Coming into the Country

McPhee, John. Coming into the Country. New York: The Noonday Press, 1977.

Reason read: in four months I will be visiting Alaska. I thought I would start reading about it now.

There is a little bit of all things Alaskan in Coming into the Country. To name a few: the trials and tribulations of traveling rivers via kayak, the must-know laws of sport fishing (for example, fishermen are prohibited from catching fish by anything but mouth. Who knew?), Juneau is two time zones away from Anchorage. There’s more: McPhee details the nature of Grizzly bears, the techniques of placer mining, the bickering over the new location of the state capital, marriage and survival, and my favorite, the people of Alaska (transplant and not). The people you meet in Coming into the Country are phenomenal.
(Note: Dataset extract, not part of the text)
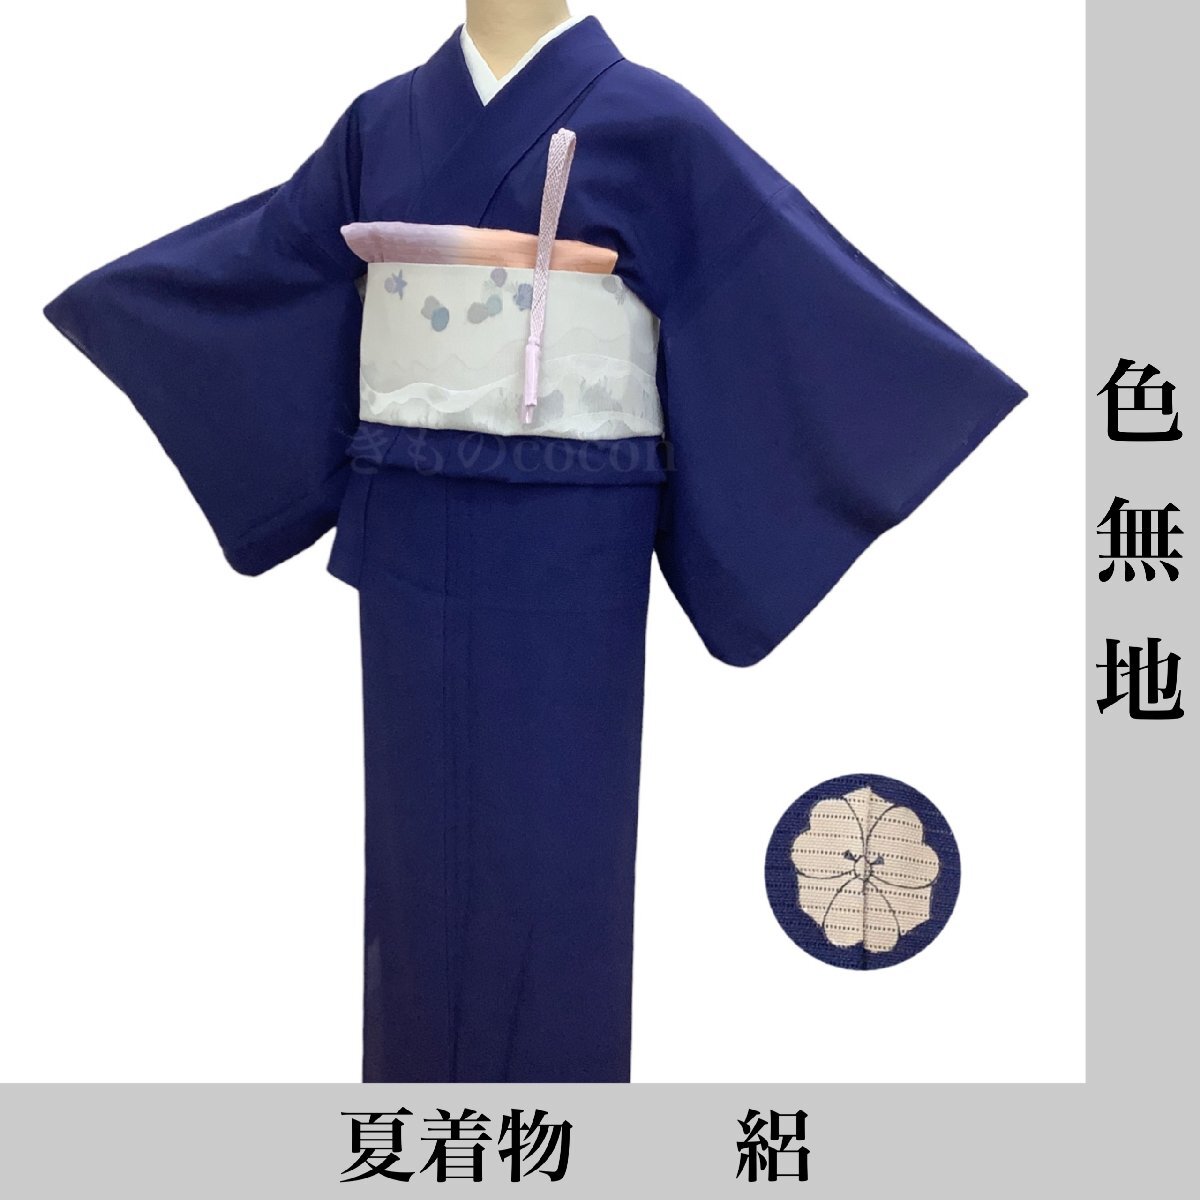  кимоно cocon* однотонная ткань одиночный . лето кимоно . длина 166.68 натуральный шелк темно-синий серия один tsu. лето предмет obi * мелкие вещи продается отдельно [4-30-5K-0150-t]

As an aside, Pearl may have called Coming into the Country a “classic” but in a timely twist, the boom of oil in Alaska is anything but old news.

Quotes I liked, “The best and worst part of catching that fish was deciding to let it go” (p 77) and “On days when the mail plane does not come, the human atmosphere is notably calmer than it is now” (p 199).

Author fact: I already told you McPhee has a huge list of books he has written. And I already told you I have six of them on my Challenge list. I already reviewed “Crossing the Craton” a few years ago.

Book trivia: There are no photographs in Coming into the Country but there are several different helpful maps.

Nancy said: Nancy called Coming into the Country a “classic” (p 15).

BookLust Twist: from Book Lust To Go in the chapter called “All Set For Alaska” (p 15).